I was grasping to feel useful because I couldn’t physically do much. For so many years, plowing my way through life got me through. I worked longer and harder than most. Working was my outlet and physical work was my escape. I could avoid the inner work that had to be done if I just did a shit ton of outer work. Busy work.
"I could avoid the inner work that had to be done if I just did a shit ton of outer work."
It’s been 1 year and 7 months since my initial injury. I finally got to see a specialist about my feet. I felt bad going in. I felt worse coming out. I just got cortisone shots to both of my feet because of the diagnosis of Bilateral Plantar Fasciitis. I was ECSTATIC even though I knew it would be painful because I was promised “immediate relief.”
Now, how many days would you consider immediate relief? Maybe one, two, or four? Well, I have been injured for over a year, so maybe seven days? It had been twenty days before I finally almost feel better enough to feel just as bad as when I went in. Day 3-5 was a little better and things had to be done around the house, so I plowed again. This rendered me immobile for two days.

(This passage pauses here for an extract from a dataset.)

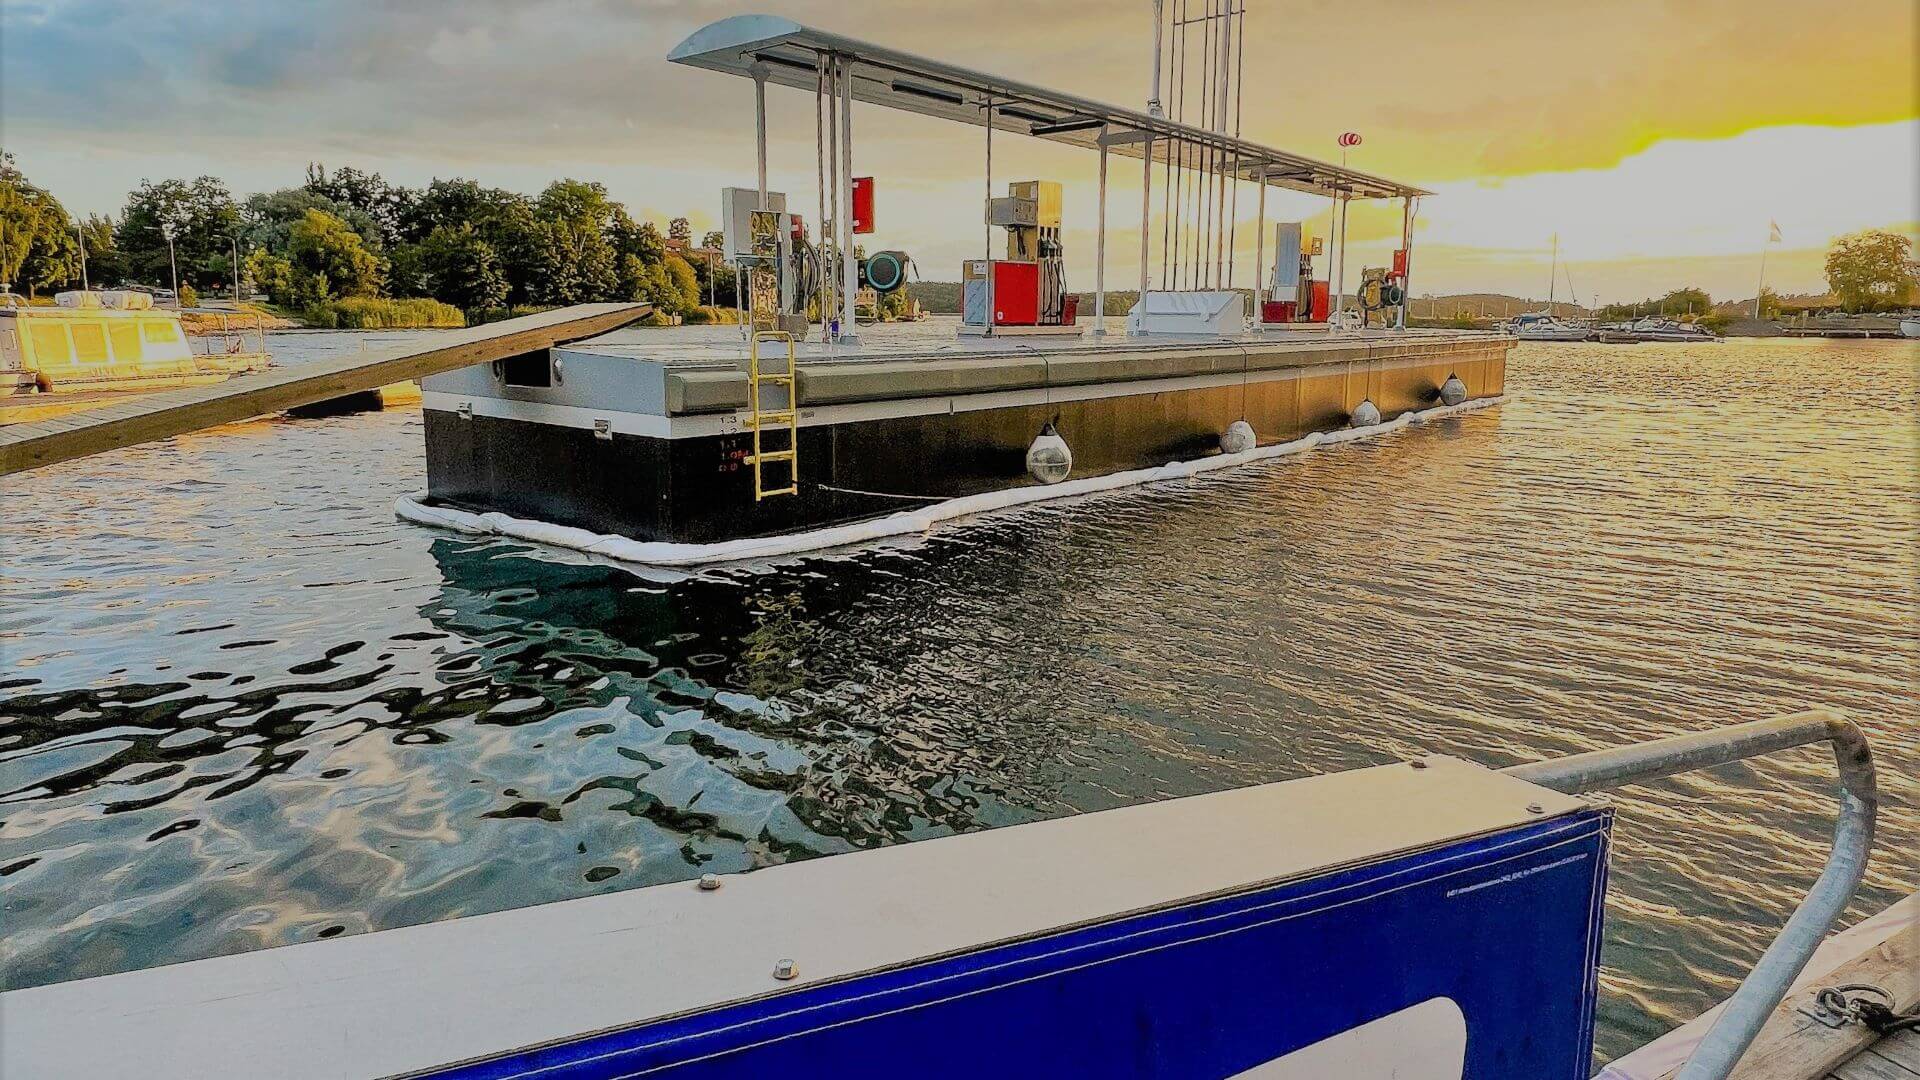 Artist's impression of floating mobile fuel station for boaters
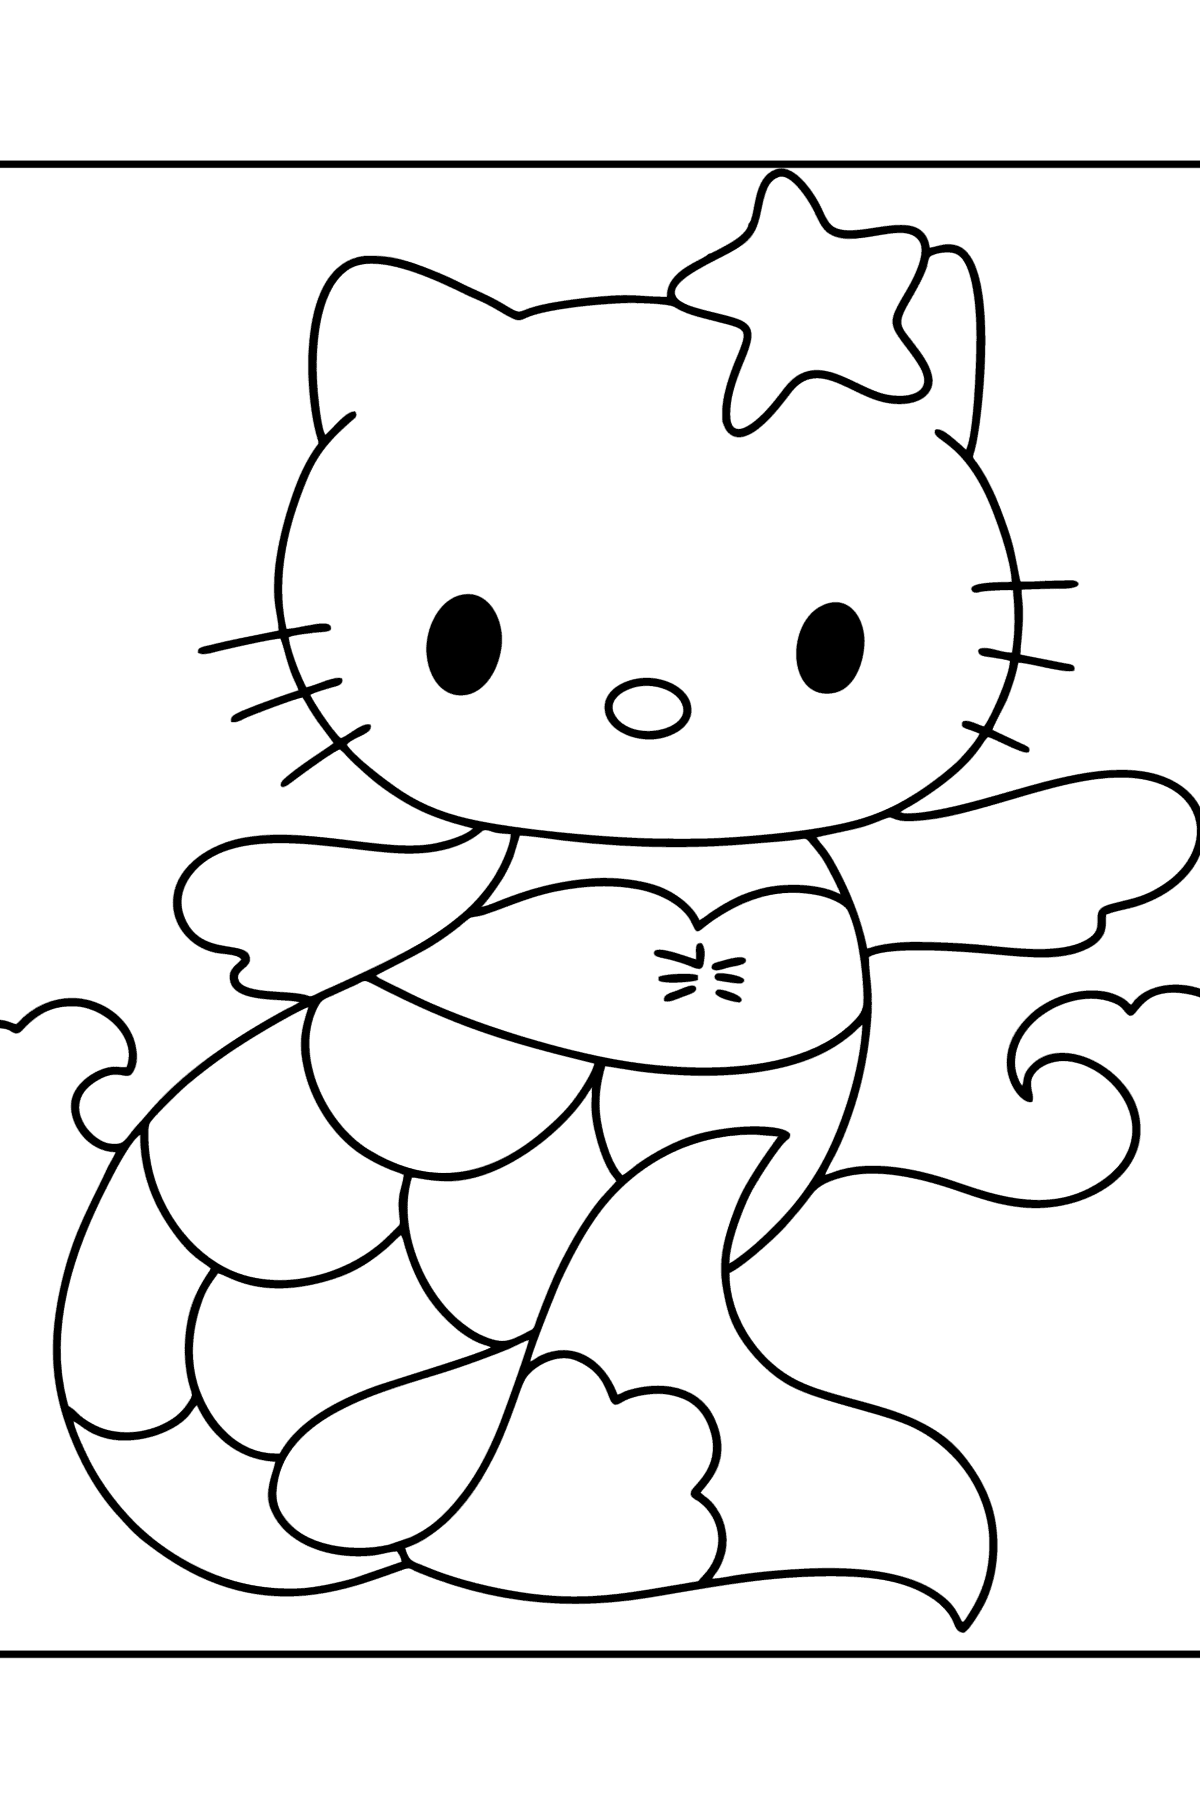 Dibujo de Sirena de Hello Kitty para colorear - Dibujos para Colorear para Niños

"Working was my outlet and physical work was my escape. I could avoid the inner work that had to be done if I just did a shit ton of outer work. Busy work."
In this process of healing, I’m eating the healthiest I ever have eaten. I eat whole foods, very little processed foods, nearly no dairy, no refined sugar, and hardly drink any alcohol at all. I could also no longer avoid doing A LOT of soul healing - my inner work, making me the overall healthiest I’ve ever been. My muscles are flimsy because I haven’t been able to work/workout in over a year and my weight has increased because, again, emotional eating, and I’m not burning fat like I used to. But, I’m the happiest I’ve ever been, even with half the physical ability I was accustomed to in my lifetime.
I have learned that taking time for self-care and healing does not make me useless or less lovable. Taking time to help myself or asking for help from others does not make me weak. Being careful with how I handle my vehicle, my body, does not make me a party pooper. All the things and time I take for myself is necessary for my wellbeing.
I asked a friend, who is also a life coach, advice for what to do next with my life. She asked what I know I can do. Well, I know I can write and help others with writing. I’ve done it for a decade now. But, how do I make that a business. She introduced me to copywriting.
I have learned to harvest my creative energy to start writing, start helping businesses that want help. I’m using my gift to help people who are putting their energy towards helping others. For those that are soul searching, I want their journey to be easier than mine. Isn’t that what it’s all about: paving the way for the next person to have an easier go at life, to uplift and help humanity? Well, I’m making that my focus now. I have to.
"Taking time to help myself or asking for help from others does not make me weak."
I can’t plow anymore, nor should I. My future years come will be one of feeling what is good for me and sticking to it.
I’m ready to heal and I’m ready to help. Cheers to whichever comes first.